Source: Blackwell Publishing Journal Backfiles 1879-2005

Topics: Biology , Medicine

Notes: Catechol-cephalosporins are siderophore-like antibiotics which are taken up by cells of Pseudomonas putida WCS358 via the ferric-siderophore transport pathway. Mutants of strain WCS358 were isolated that are resistant to high concentrations of these antibiotics. These mutants failed to grow under iron-limiting conditions, and could not utilize different ferric-siderophores. The mutants fall in three complementation groups. The nucleotide sequence determination identified three contiguous open reading frames, which were homologous to the exbB, exbD and tonB genes of Escherichia coli respectively. The deduced amino acid sequence of P. putida ExbB showed 58.6% homology with its E. coli homologue, but, unlike the E. coli protein, it has a N-terminal extension of 91 amino acids.

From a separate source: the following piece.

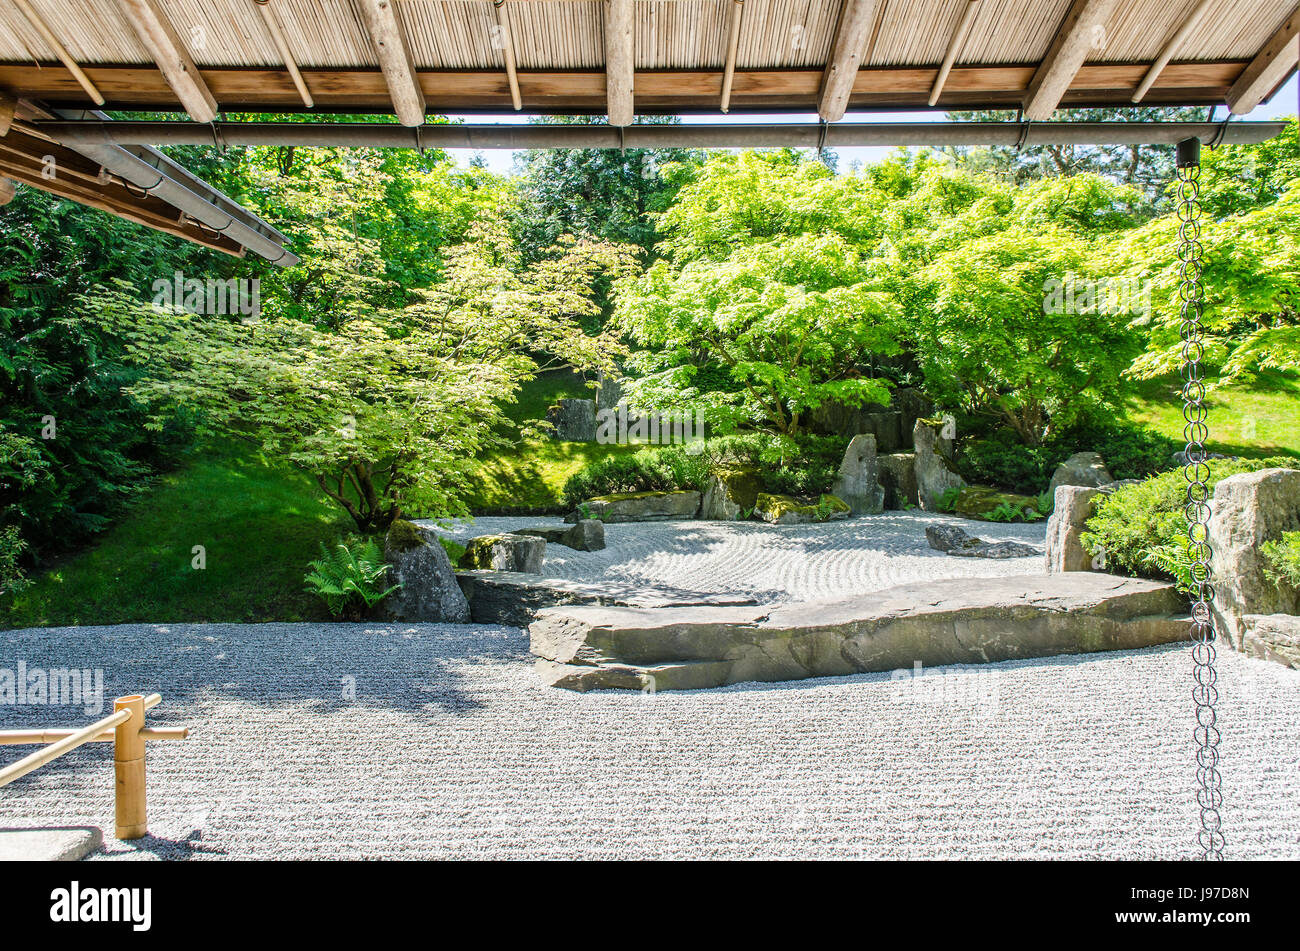 The Zen Garden As A Japanese Place Background, Zen Gardens Picture, Zen,  Garden Background Image And Wallpaper for Free Download

The ExbD proteins are 64.8% homologous, whereas the TonB proteins only show 27.7% homology. The P. putida exbB gene could complement an E. coli exbB mutation, but the TonB proteins were not interchangeable between the species. It is concluded that P. putida WCS358 contains an energy-coupling system between the membranes for active transport across the outer membrane, which is comprised of a TonB-like energy-transducing protein and two accessory proteins. This system is similar to, but not completely compatible with, the E. coli system.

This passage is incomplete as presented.